Dart Martin, Ahmed Mohiuddin
School of Science, Edith Cowan University, Joondalup, WA, Australia.
Digit Health. 2023 Jul 30;9:20552076231191095. doi: 10.1177/20552076231191095. eCollection 2023 Jan-Dec.
This paper proposes a novel cyber security risk governance framework and ontology for large Australian healthcare providers, using the structure and simplicity of the Unified Modelling Language (UML). This framework is intended to mitigate impacts from the risk areas of: (1) cyber-attacks, (2) incidents, (3) data breaches, and (4) data disclosures.
Using a mixed-methods approach comprised of empirical evidence discovery and phenomenological review, existing literature is sourced to confirm baseline ontological definitions. These are supplemented with Australian government reports, professional standards publications and legislation covering cyber security, data breach reporting and healthcare governance. Historical examples of healthcare cyber security incidents are reviewed, and a cyber risk governance UML presented to manage the defined problem areas via a single, simplified ontological diagram.
A clear definition of 'cyber security' is generated, along with the 'CYBER-AIDD' risk model. Specific examples of cyber security incidents impacting Australian healthcare are confirmed as N = 929 over 5 years, with human factors the largest contributor. The CYBER-AIDD UML model presents a workflow across four defined classes, providing a clear approach to implementing the controls required to mitigate risks against verified threats.

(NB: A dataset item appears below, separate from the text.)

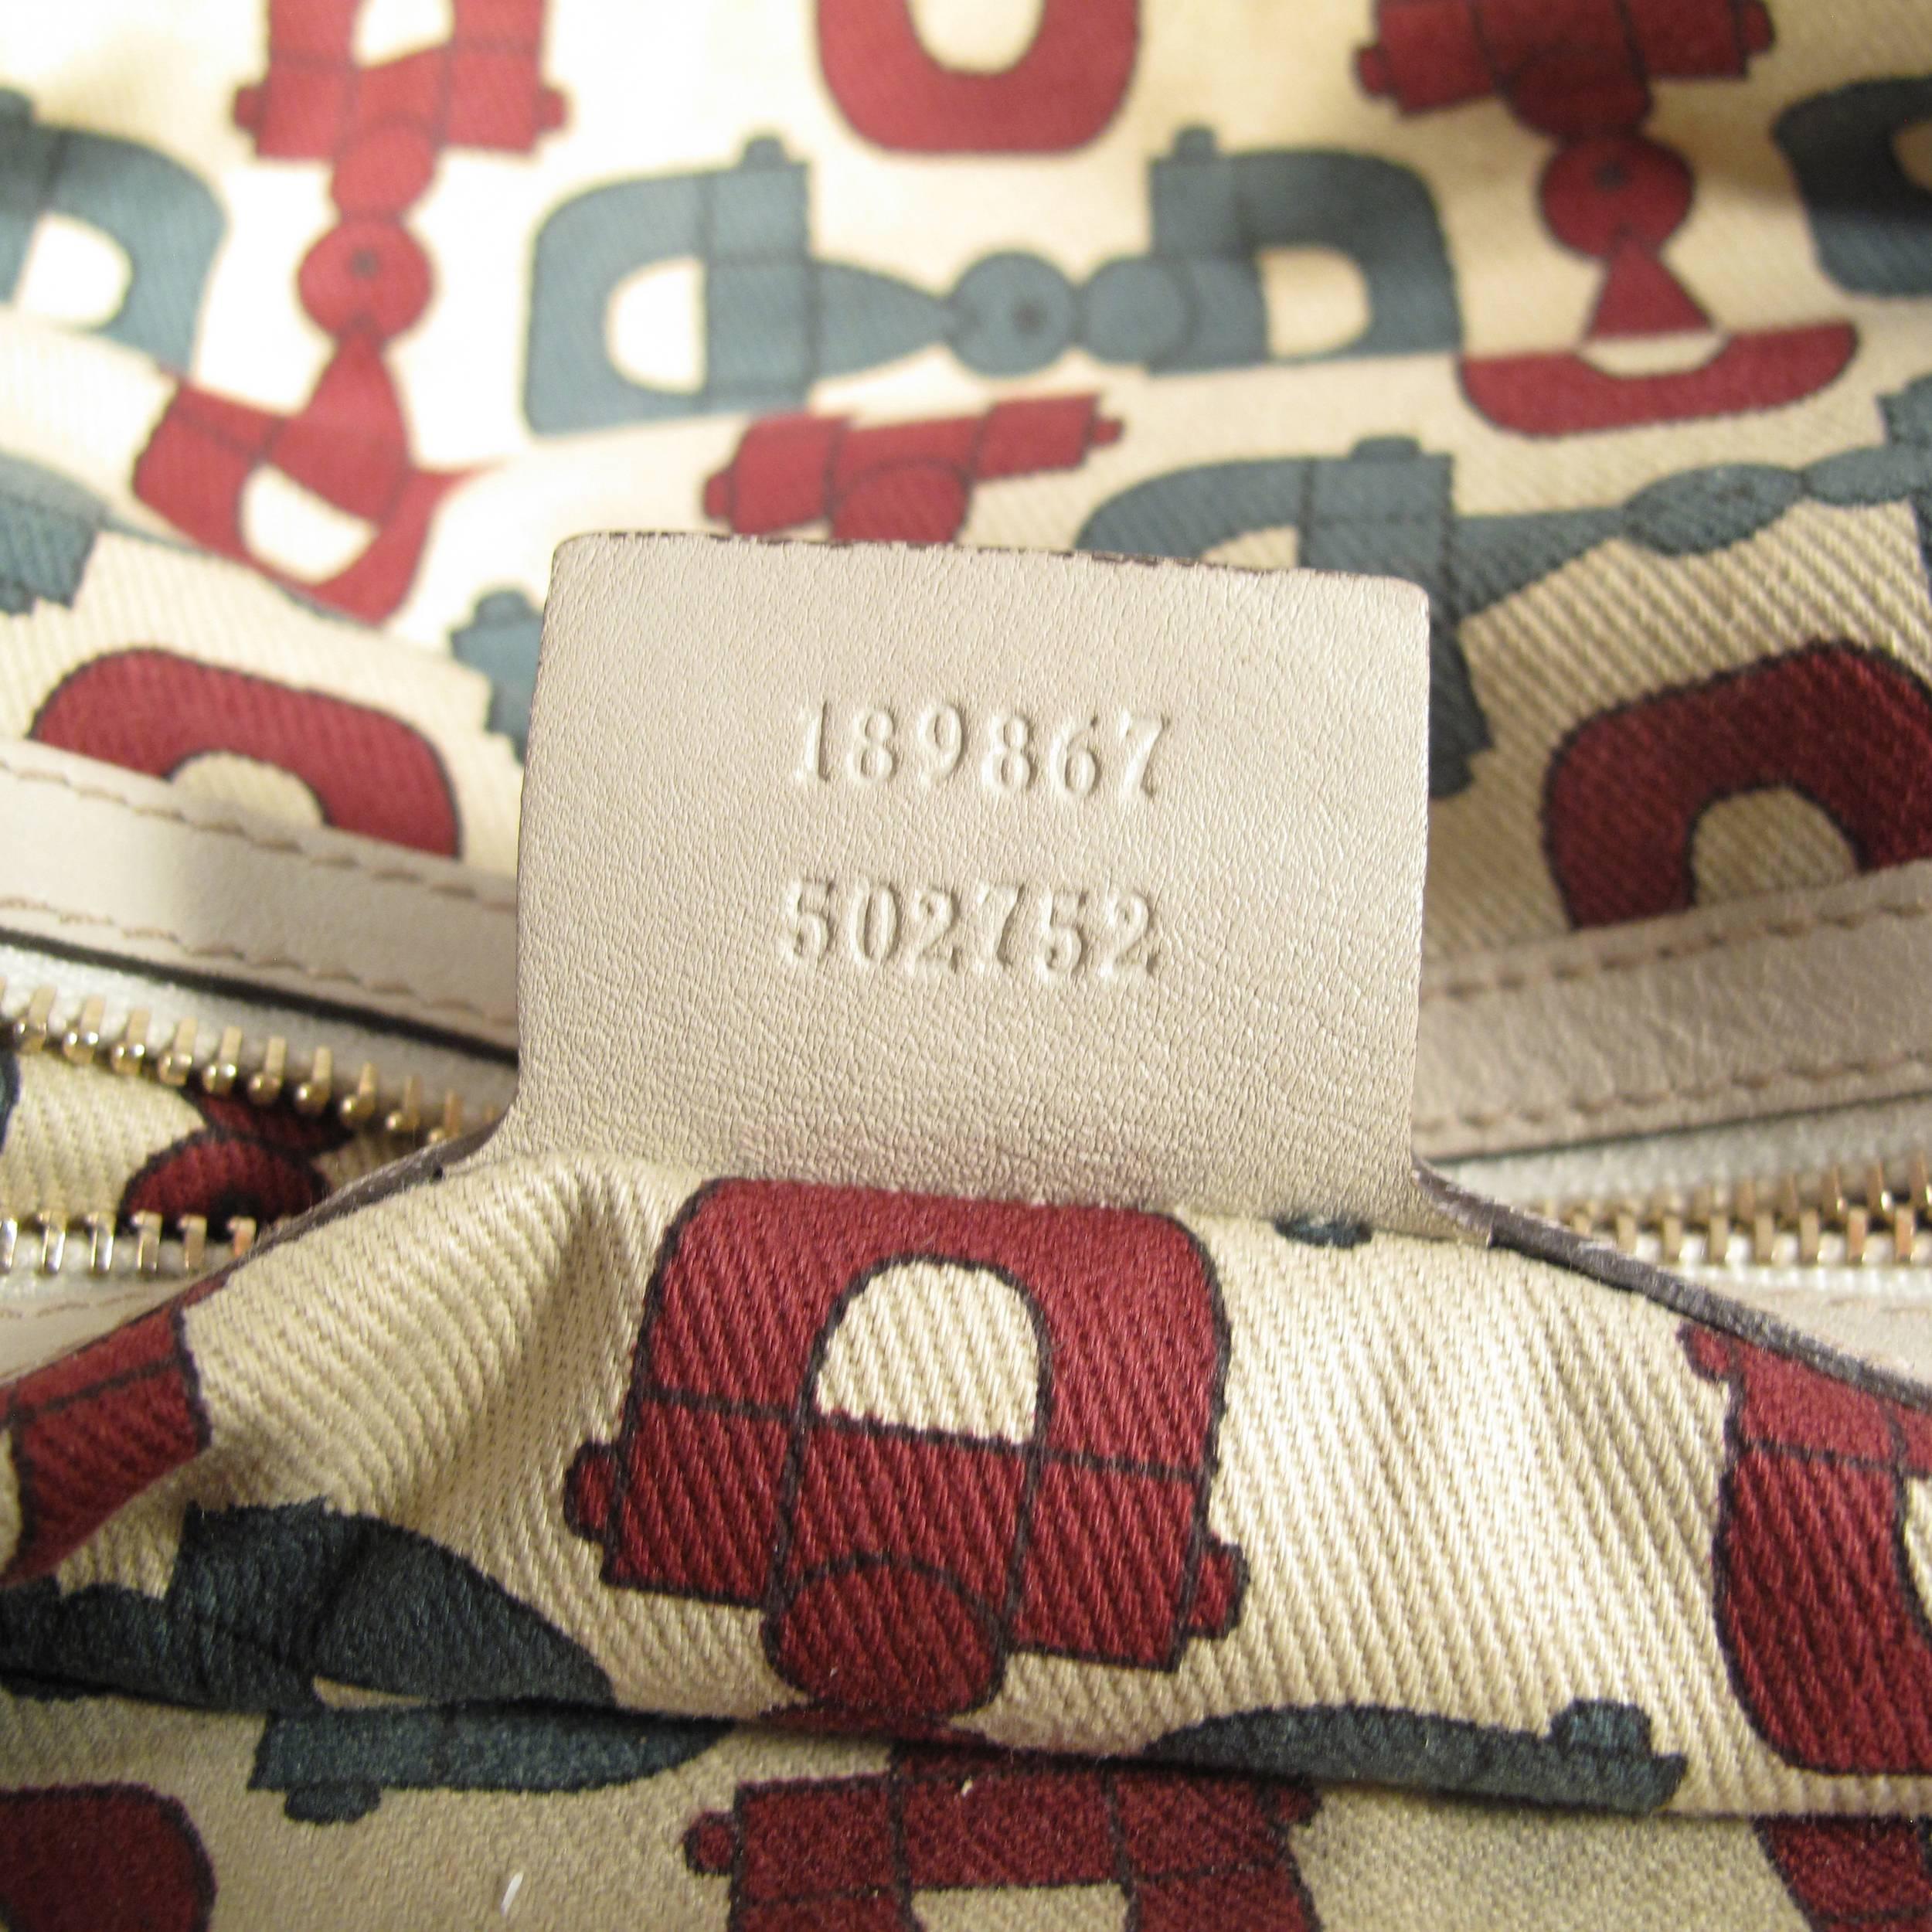 Gucci Bamboo Leather Monogram Shoulder Bag - Tan Beige GG Gold Satchel Handbag 5

The governance of cyber security in healthcare is complex, in part due to a lack of clarity around key terms and risks, and this is contributing to consistently poor operational outcomes. A focus on the most essential avenues of risk, using a simple UML model, is beneficial in describing these risks and designing governance controls around them.
本文利用统一建模语言(UML)的结构和简洁性,为澳大利亚大型医疗服务提供商提出了一种新颖的网络安全风险治理框架和本体论。该框架旨在减轻以下风险领域的影响:(1)网络攻击,(2)事件,(3)数据泄露,以及(4)数据披露。
采用由实证证据发现和现象学审查组成的混合方法,获取现有文献以确认基线本体论定义。这些定义辅以澳大利亚政府报告、专业标准出版物以及涵盖网络安全、数据泄露报告和医疗治理的立法。对医疗网络安全事件的历史案例进行了审查,并提出了一个网络风险治理UML,通过一个单一的、简化的本体图来管理已定义的问题领域。
生成了“网络安全”的明确定义以及“CYBER - AIDD”风险模型。经确认,在5年期间影响澳大利亚医疗行业的网络安全事件具体案例为N = 929起,其中人为因素是最大的促成因素。CYBER - AIDD UML模型展示了一个跨四个已定义类别的工作流程,为实施减轻针对已证实威胁的风险所需的控制措施提供了清晰的方法。
医疗行业的网络安全治理很复杂,部分原因是关键术语和风险缺乏明确性,这导致运营结果一直不佳。使用简单的UML模型专注于最关键的风险途径,有助于描述这些风险并围绕它们设计治理控制措施。